Alice has a blog, which aims to empower women who have endometriosis.
“I’ve had endometriosis symptoms for about two years, but no diagnosis yet. I am on the waiting list for an ultrasound. I've been offered mefenamic acid (prescription painkillers) but no treatment yet because [the diagnosis] hasn't been confirmed. My experience with the healthcare system has been pretty good, apart from the GP assuming I am a woman (which is usually how I am read by other people so I am used to it). They listened to my concerns and explained the next steps.”
— Anonymous UK, 22 (1)
I started getting problems from my first period aged 13. However I wasn’t diagnosed until aged 19. My endometriosis resurged about 18 months ago. How many ways can you say ‘Ouch?’ The main symptom is pain. I have chronic pain in the pelvic area, painful menstruation, pain when my bladder is full and pain when I empty. I also have referred pain in my back, thighs, hips and knees. I have been treated with an injection in my stomach, the rest of my treatments have been surgical and tablets, liquids, patches - all to treat the pain. I have a series of different types of painkillers and dependent on the severity of the pain and the area of the pain, I use different ones. Sometimes, a combination of them. It’s become quite a skill determining what works.
I have Stage 4 endometriosis so I had a bowel resection in August 2013. I think one of the things I’ve struggled with is that people mistakenly believe because you’ve had surgery, you should be fine now. I still have a lot of pain. Also putting on a brave face can be hard. It’s seven steps from my bedroom to my bathroom. I know this because I’ve counted them, because on a regular basis I steel myself to make the walk.
Life hasn’t felt “normal” for quite sometime.
As a trained nurse, I know and have been taught the value of talking therapy. Endometriosis does not only affect you: it affects your family, your partner, your children, often your siblings – in fact, I have a close relative with endometriosis, too. Dependent on how we may feel, the affects can be transferred without intention onto other people in the family. No area of my life is untouched, even intimacy.

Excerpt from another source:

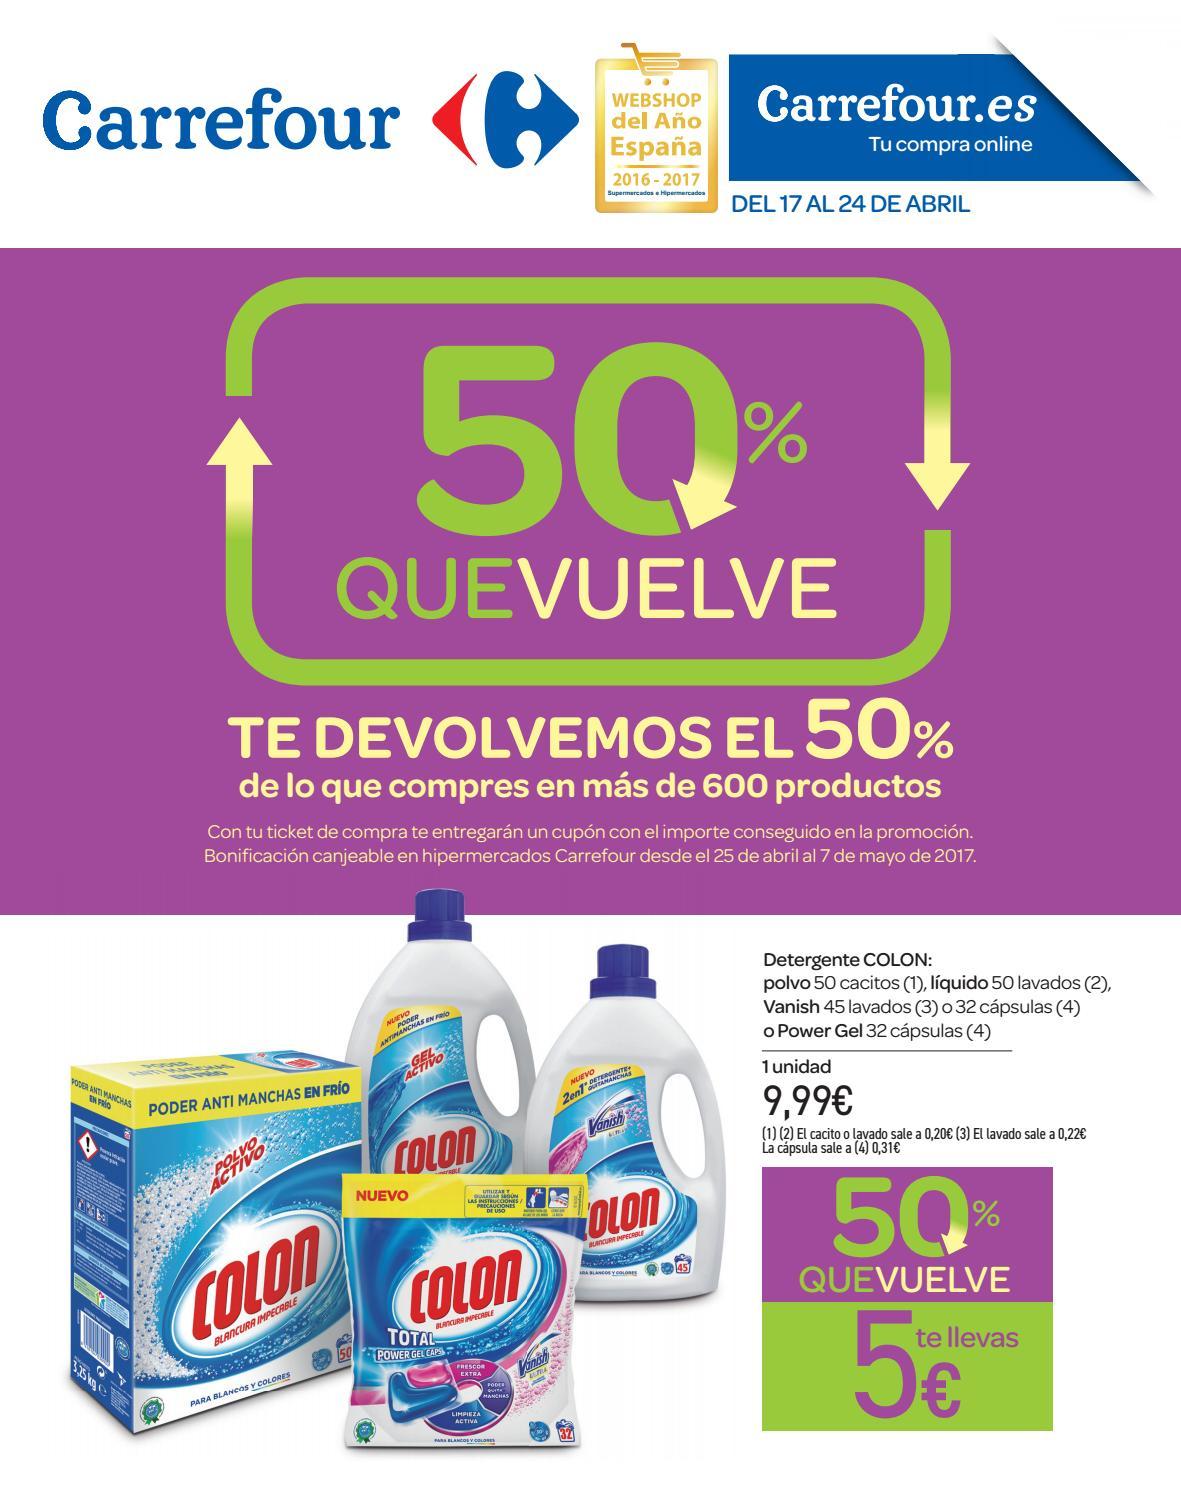 Issuu Que Vuelve 50by Folleto Carrefour 5l4a3rqcj Ofertas Supermercados 1ul3TKJFc

If you experience pain during sex it can be difficult for your partner too, men don’t want to cause you pain, so lots of talking about it together helps - it’s just making sure you take the little steps to help make your situation that little bit lighter. My family help out a lot with tasks which I am unable to do at the moment and this helps to alleviate some of the strain on me. I try to remain as active as I can and to just take one day at a time.
“I’ve had endometriosis symptoms for 20 years and got diagnosed five years after my symptoms started. As far as treatment goes, I’ve used birth control, Lupron, had a laparoscopy, and a TAH-BSO (Total Abdominal Hysterectomy and Bilateral Salpingo-Oopherectomy—the removal of the uterus including the cervix as well as the tubes and ovaries). My experience with doctors has not been great. They were always more concerned with my fertility than my pain, despite me saying, in no uncertain terms, that I never wanted kids. I also tried an endo support forum but never got into it. The language was never inclusive, always just saying ‘women’.”— Anonymous USA, 34
“I’ve had endometriosis symptoms since my first period at 10 years old. Now I’m 24 but I still don’t have a diagnosis. Doctors tell me it's normal and we have to accept the pain. [As far as treatment goes]
I was on the pill, but I got very depressed
and lethargic and stopped taking it after a few years. My experience with the healthcare system has not been good. They all want to me to take the pill, even when I tell them how it affects me badly, and they don't acknowledge that my symptoms are problematic, they usually tell me to just take painkillers and deal with it, I wish they would listen and take me seriously, even just to diagnose me officially. Right now I feel like I make things up when I can't work and am in too much pain, because I know the pain is too much but it doesn't get validated.”